Start of Entries provided
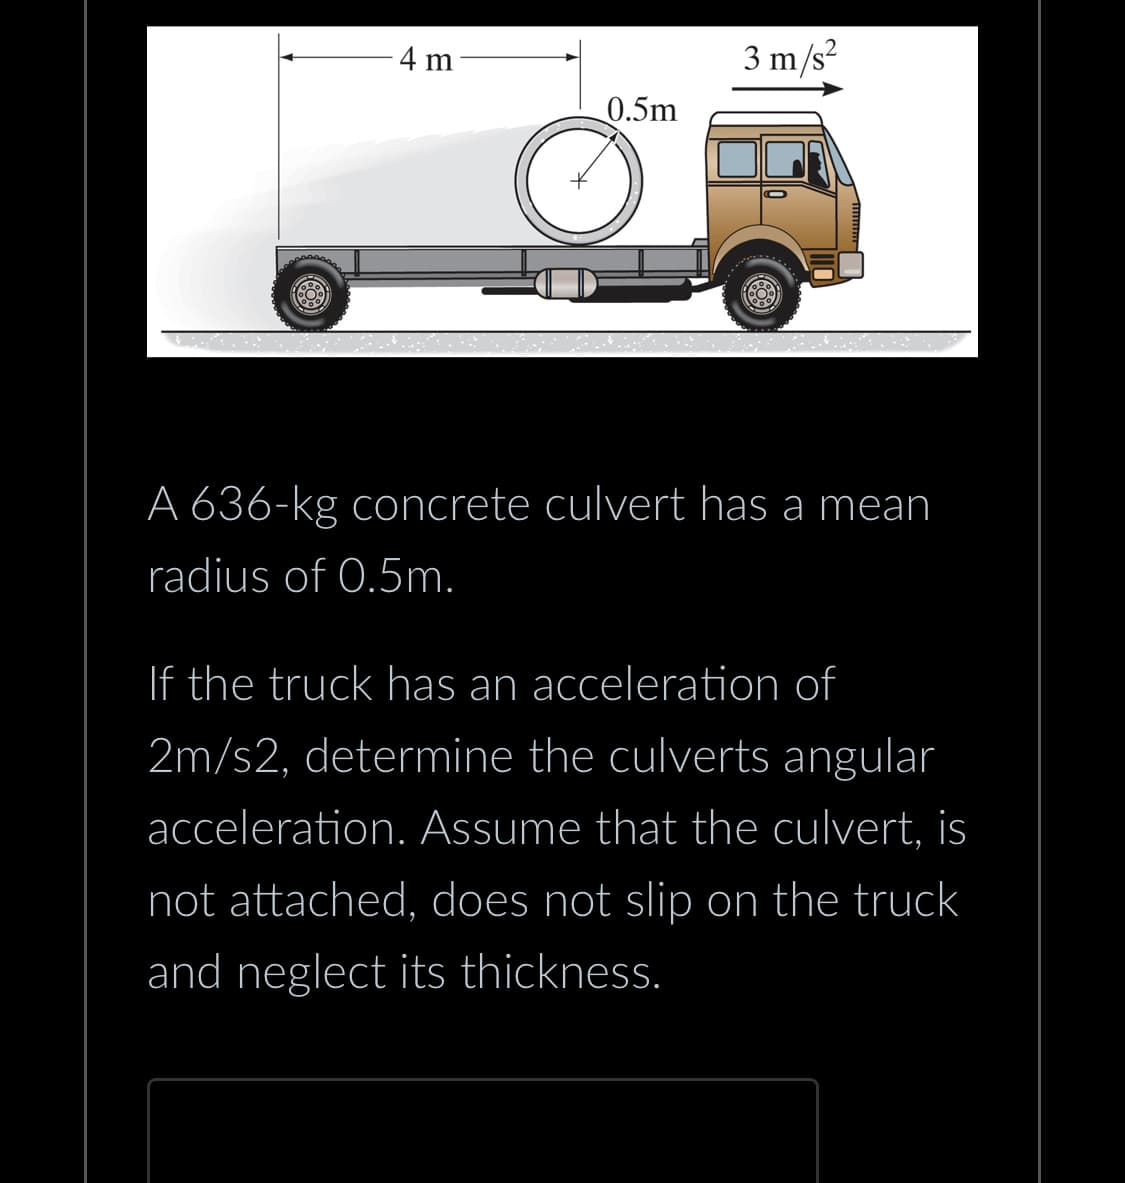 4 m
0.5m
O
3 m/s²
A 636-kg concrete culvert has a mean
radius of 0.5m.
If the truck has an acceleration of
2m/s2, determine the culverts angular
acceleration. Assume that the culvert, is
not attached, does not slip on the truck
and neglect its thickness.
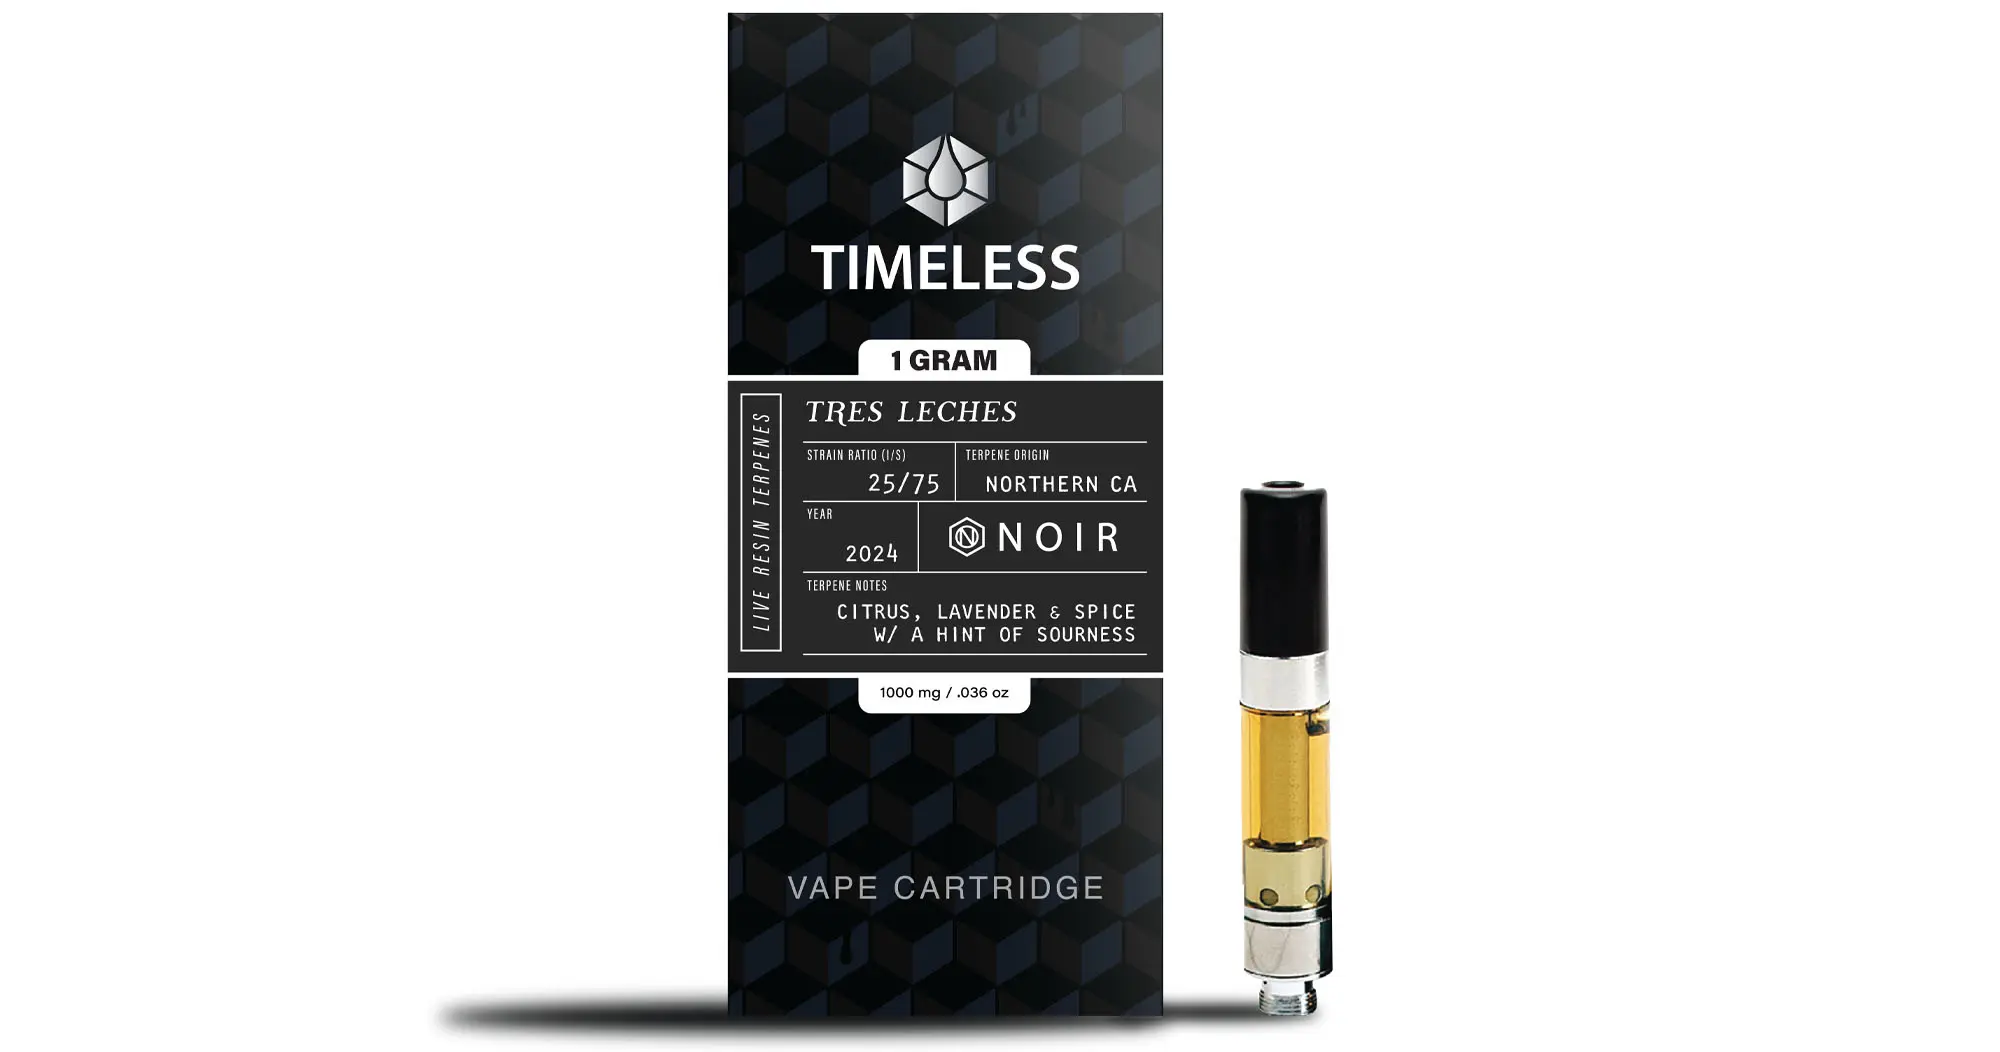 Tres Leches Live Resin Cartridge
End of Entries provided
## What you should do
Considering the records above, state how many lines contain the word "acceleration", with nothing else in your reply.

## Output below
2